I got off the train in this tiny Italian village & was completely lost trying to find my guesthouse. This older man on a worn bicycle saw me struggling with my map and signaled for me to follow him. The five-minute walk turned into a full neighborhood tour. Every few houses he would stop to shout something in Italian & introduce me to his brother at the butcher shop and a cousin hanging laundry & eventually his aunt sitting on a porch. By the time we reached my door I had met half his family and had three people tell me exactly where to get the best cannoli. He would not take a tip. He just seemed genuinely happy to show off his town. It was the first time a place actually felt like home instead of just a spot on a map.
In Costa Rica at a wildlife center the path between the dining room and the guest building winds through the jungle. At night it is completely dark. One night while going to the dining room I saw a pair of bright yellow eyes staring at me from between the trees. I could see nothing else but noticed some movement around the eyes. I thought it was a black jaguar and screamed for help. That was real fear unlike anything I had ever experienced. My scream startled the animal and it disappeared. But a moment later it reappeared by my side breathing heavily and said sorry in Spanish. I screamed again. It turned out to be a local man apologizing for scaring me.
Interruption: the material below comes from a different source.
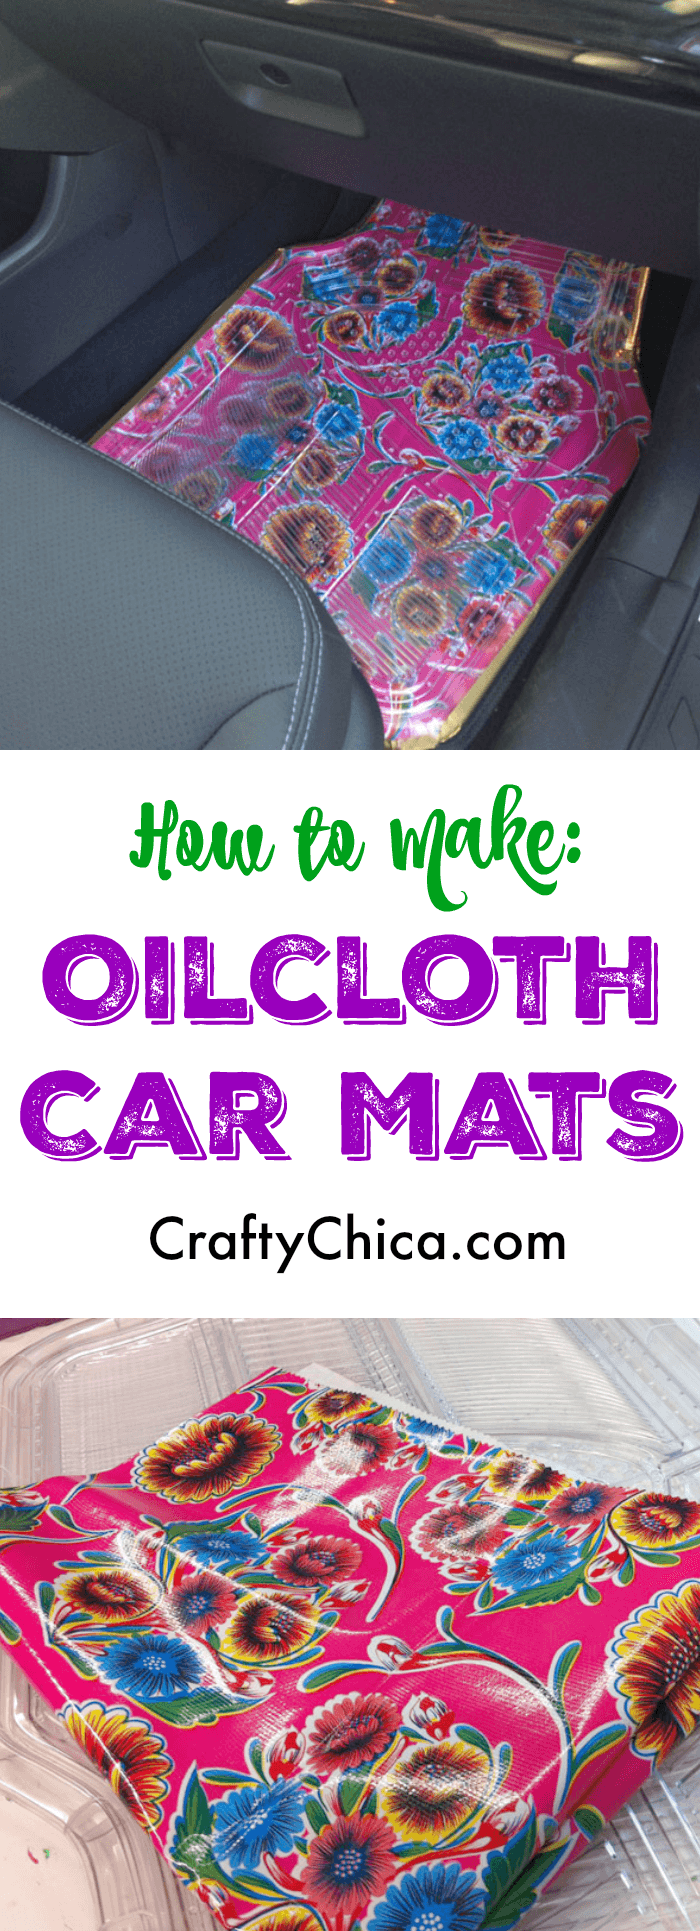 Make oilcloth car mats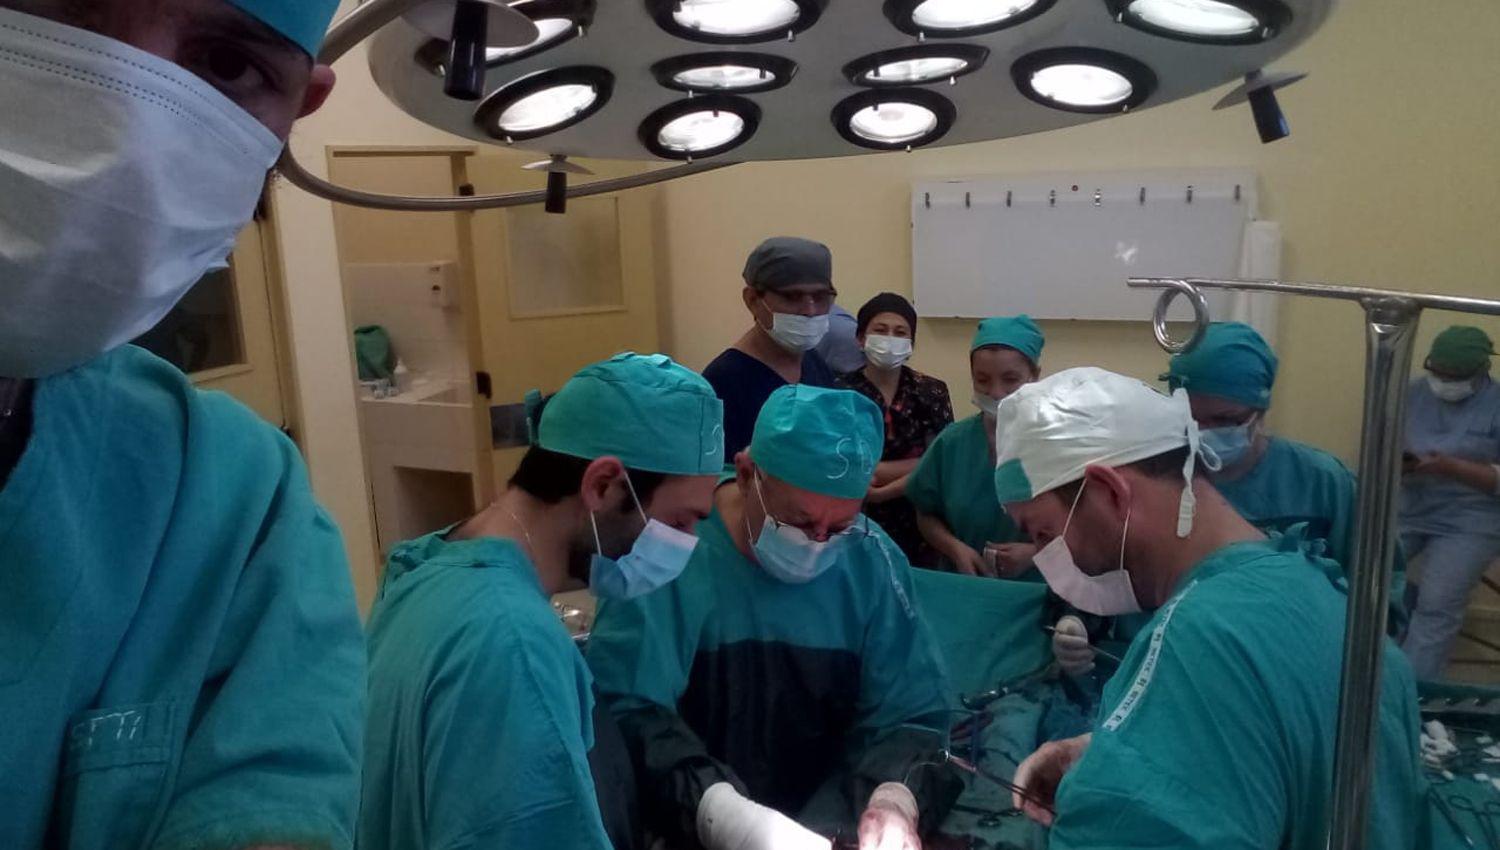 Cirugiacutea de alta complejidad en el Hospital Zonal de Friacuteas

I was on a train from Prague to Paris and realized about an hour in that I had boarded the wrong one. Not the wrong direction but the wrong country. I ended up in Dresden with no German and a return ticket that was not valid. A retired schoolteacher at the station bought me a coffee and drew me a map by hand and waited with me until I got on the right train. I still have that map.
I got chased by a huge seal in Ireland. A bit more to the story is that we visited a beach with friends & it was beautiful with two large hills surrounding the beach. I went to the beach directly while my friends went on top of the hill. I saw a seal in the distance and I was initially happy to see it coming close until it started coming out of the water. At that moment my friends from the hill said they would start running if they were me and not to worry because they would record video as proof that I only defended myself if the seal got too close. There was no harm to the seal or myself. It was fun in a way but in that exact moment when that big animal came out of the sea I got scared.
I am a sixty-four year old man and had my electric toothbrush in a cloth bag in my backpack. When I picked it up to board I must have turned it on.
I finally heard it when putting my bag in the overhead compartment and several people behind me were looking my way. I pulled it out of my pack as fast as I could and said it was my toothbrush. I got a lot of laughs and even a couple of flight attendants were laughing.

On my last night in Munich I needed to buy tampons. The only package in the store had 100 OBs in it. I only used a couple but I refused to leave the rest behind because I hate wasting money. My suitcase was full so I put them into the side pockets of my carry-on bag. At the airport security line a guard grabbed my bag and started to unzip it. I tried to warn him but that seemed to make him angry. He held the bag up in the air and pulled hard on the zipper. Dozens of tiny white bullets went flying through the air. Some of them landed on other people. I will never forget watching security guards on their hands and knees trying to pick them all up.
I was staying at a guesthouse in rural Vietnam when the power went out at 9pm. The owner showed up with a lantern & took me and three other guests to the roof. She brought out a gas burner and an enormous pot. We sat up there for four hours eating whatever she cooked in batches while insects flew into the lantern. The valley below was completely dark. Nobody had planned this & none of us knew each other two hours before. There was a French couple who had been fighting all day but they stopped arguing somewhere around the second pot. There was also a solo guy from New Zealand who barely spoke at dinner but he turned out to be very funny once the lights were out. When the power came back on nobody moved. The owner turned the lights off again from the switch by the stairs and we stayed up there until midnight.

Travel has a way of surprising you right when you think everything is under control. Those unexpected moments are always what you remember. Not the itinerary or the hotel but the moment that made no sense & stayed with you anyway. What is the one thing that happened to you on a trip that you still think about?